Optimal intake air speed

mate, there are soooooo many variables so it's not that cut and dry I'm afraid.

The best air box designs have an intake opening that is smaller than the airbox volume so then you have a pressure different from the outside air and the air inside the box. You want a high pressure outside and a lower pressure inside the air box so the air will then flow straight into the airbox.
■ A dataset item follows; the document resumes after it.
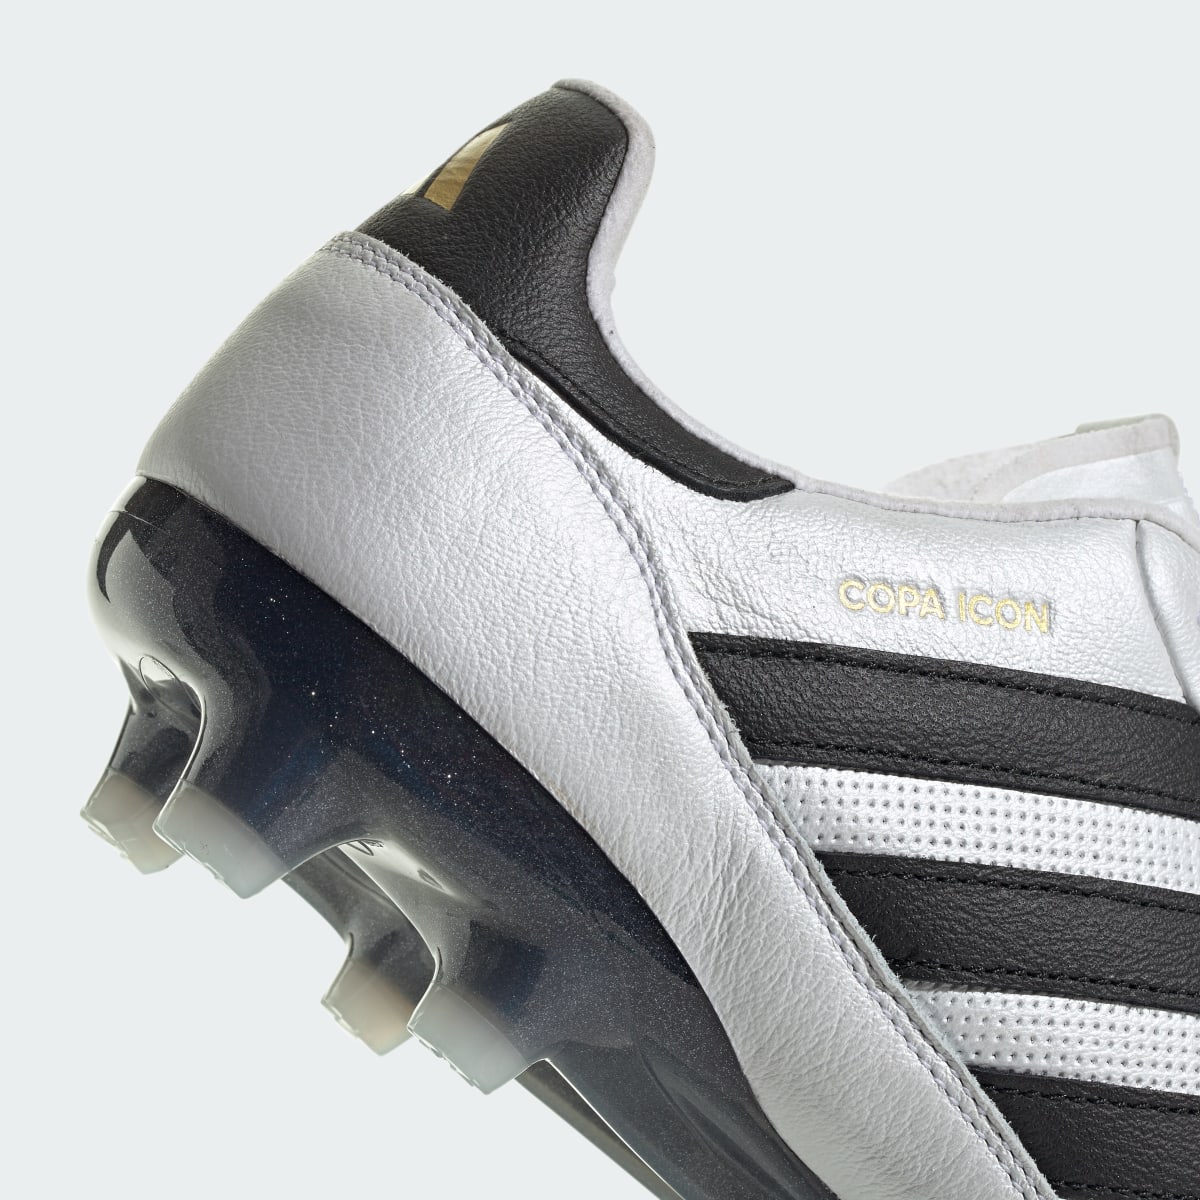 Adidas Copa Icon Firm Ground Boots. 10

If you look at intake pipes where the intake snokel is bigger than the pipe it feeds then you generally get the opposite effect which in turn reduce air pressure and less air enters the pipe. What you want is intake pipe which is the same diameter at the inlet end all the way to the airbox and an airbox which is bigger in size, this is how ram air works.
 
Swings and round-a-bouts really, if you can gulp the air in the engines ecu must be able to process it along with the volumetric efficiency of the inlet system and combustion process. Having been there and done that back in the early 90s it is a difficult process to manage as said, so many variables present be it on the road or on the track. We all hear it in F1 where a car in the tow will suffer from turbulent dirty air which affects the performance. I have posted about the ramair effect with the VECTIS design before where the optimal feed is one that ever decreases in volume before it hits the throttle body aperture.
 
remember that a motor that has power at low revs has smaller ports for increased air speed in low rpm, but a hi revving engine has large diameter ports for more air speed in high rpm, so in both cases the speed is the same, the difference is the rpm.

So i was wondering what is that speed?